Casio Jones has a passion for the Lord that spills into every part of his life. He is a body builder and founder/owner of three businesses that seamlessly flow from his relationship with the Lord. In each of his enterprises, his mission is to communicate the gospel.
CQ: Casio, how did you become a body builder and get into the health and fitness business?
CJ: My mother was always the health and temperance person when I was growing up. She taught me about vitamins and herbs. I always had healthy food, even though I didn’t want it. I was the kid who always brought the healthy lunch to school with the whole grain bread and raisins. I would throw it in my locker because I wanted to be like everyone else.

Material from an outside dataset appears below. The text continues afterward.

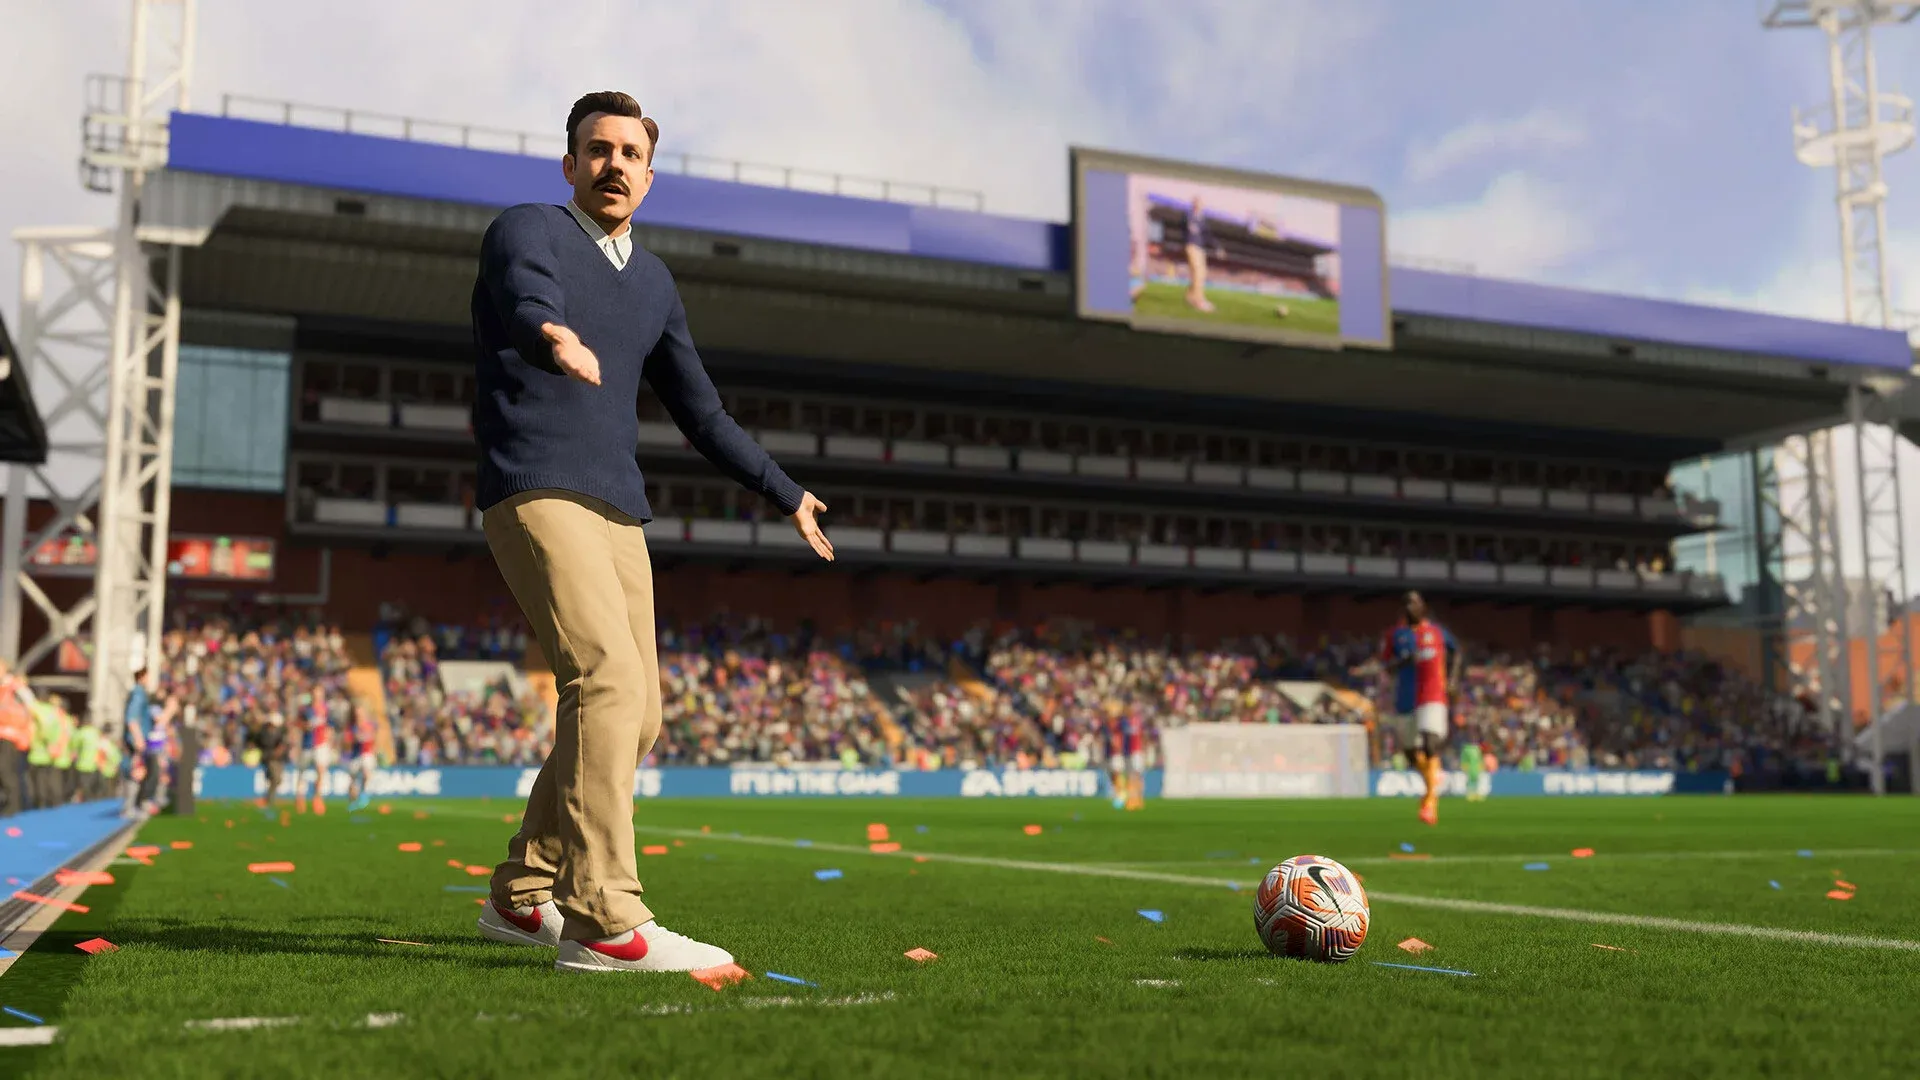 FIFA 23 chegou! Compre as versões para consoles a partir de R$ 263

I especially became interested in weight training when I was in high school. I was a scrawny kid. A good friend of mine was the quarterback of our football team and he received a football scholarship to Nebraska State. One day when we were messing around, he had me pinned down and acted like he was going to spit in my face. I couldn’t move, and I felt so inadequate. I determined then that never again would I be so vulnerable. The next semester, I took weight training in gym class. Ever since then, I’ve been in love with weight training. After high school and a stint in the military, I went to the University of South Florida and got my degree in exercise science. From there, the Lord opened the doors for me to have a job in a corporate [wellness] environment. All along the way, He kept opening doors.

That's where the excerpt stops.